>>

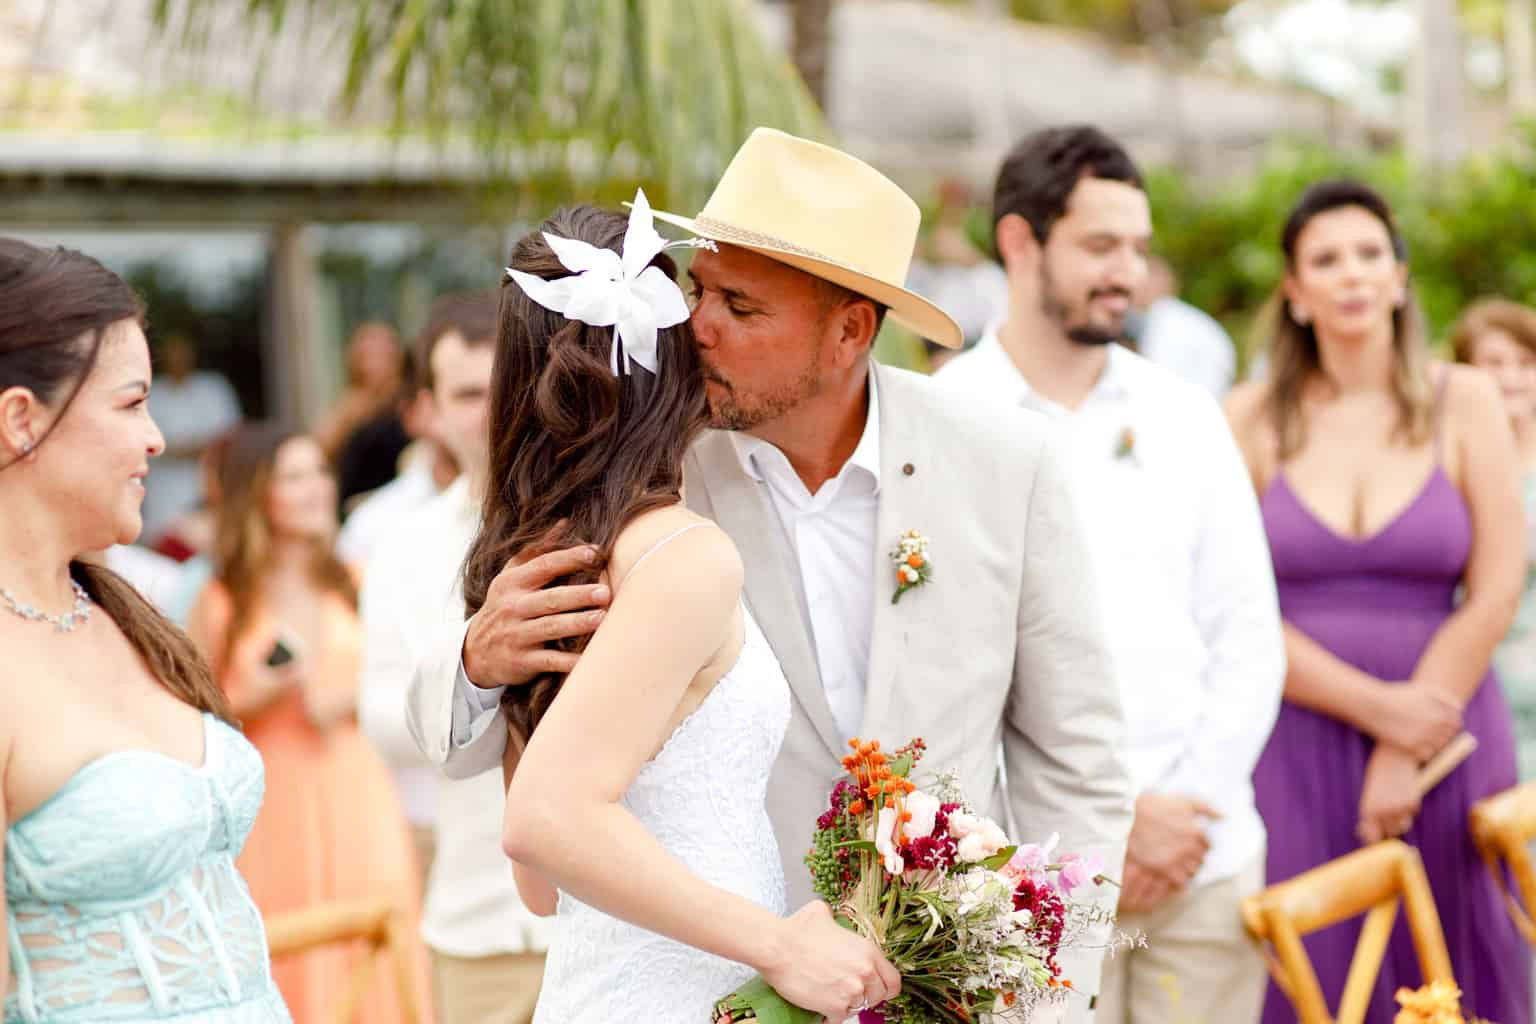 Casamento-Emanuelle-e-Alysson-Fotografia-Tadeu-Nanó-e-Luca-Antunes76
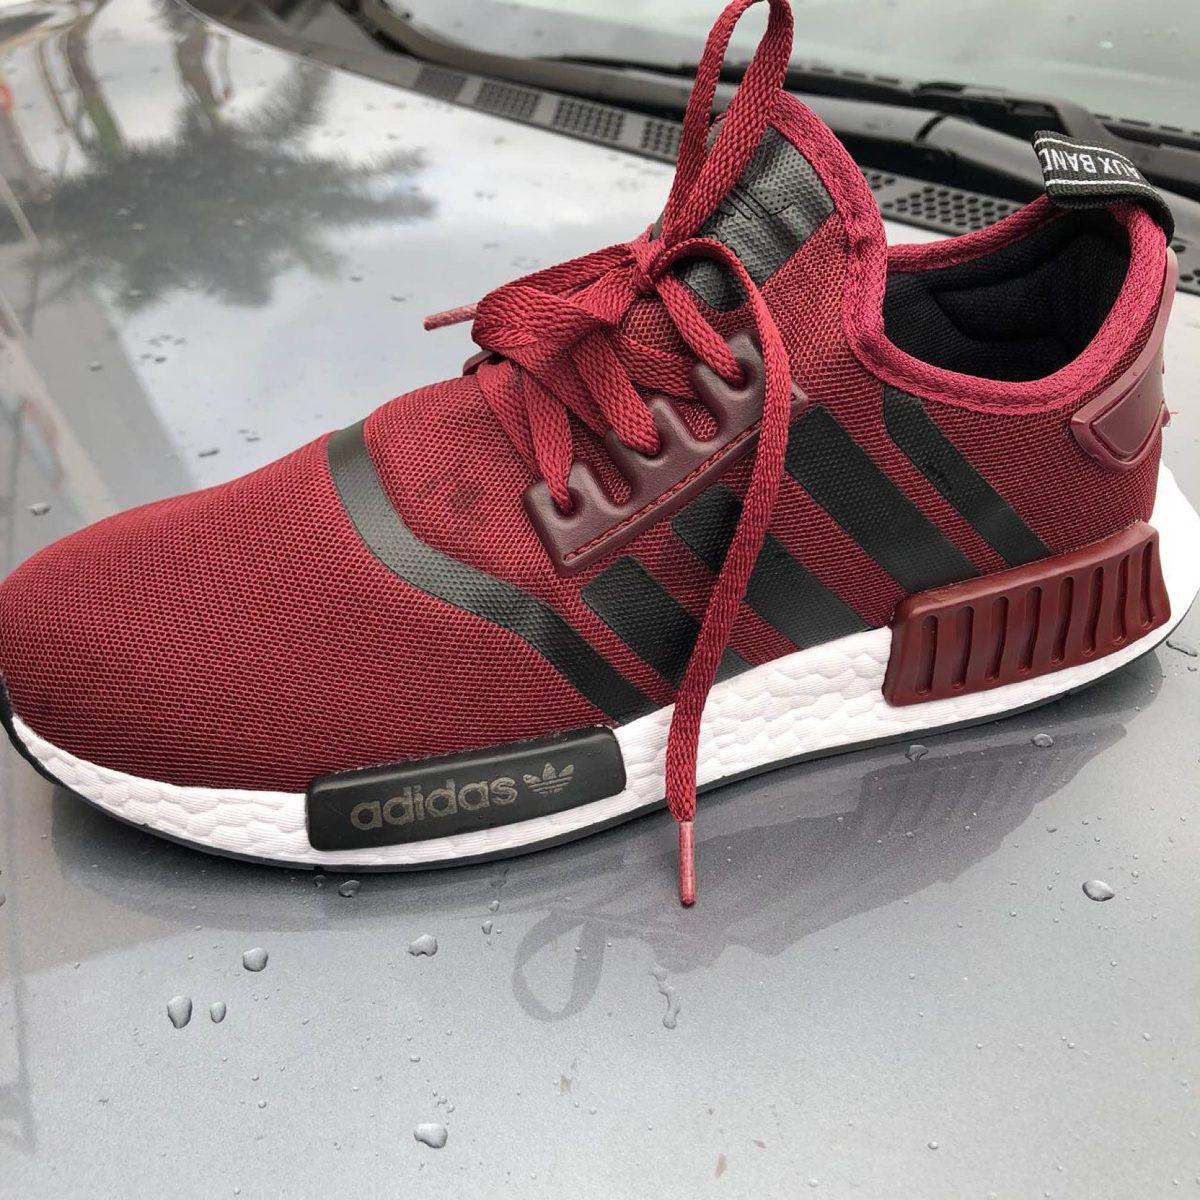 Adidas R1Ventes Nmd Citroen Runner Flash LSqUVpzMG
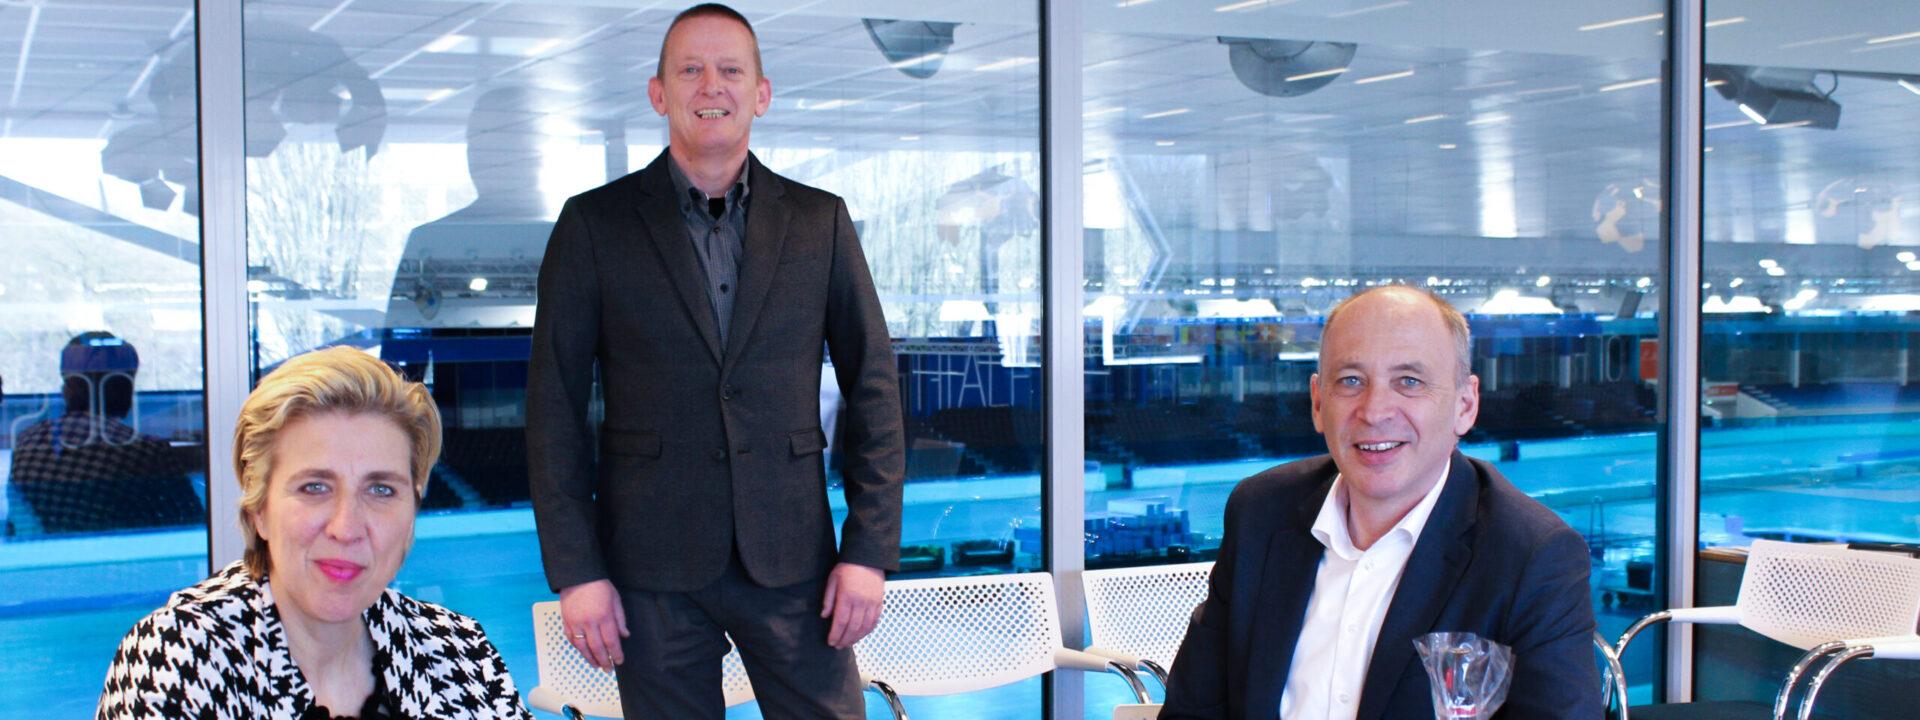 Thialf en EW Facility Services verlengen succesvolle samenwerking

<<

Work required: Starting with the line that contains "Adidas R1Ventes Nmd", reproduce every line to the end of the material above, both end lines included, exactly and with no pictures.

Response to the task:
 Adidas R1Ventes Nmd Citroen Runner Flash LSqUVpzMG
 Thialf en EW Facility Services verlengen succesvolle samenwerking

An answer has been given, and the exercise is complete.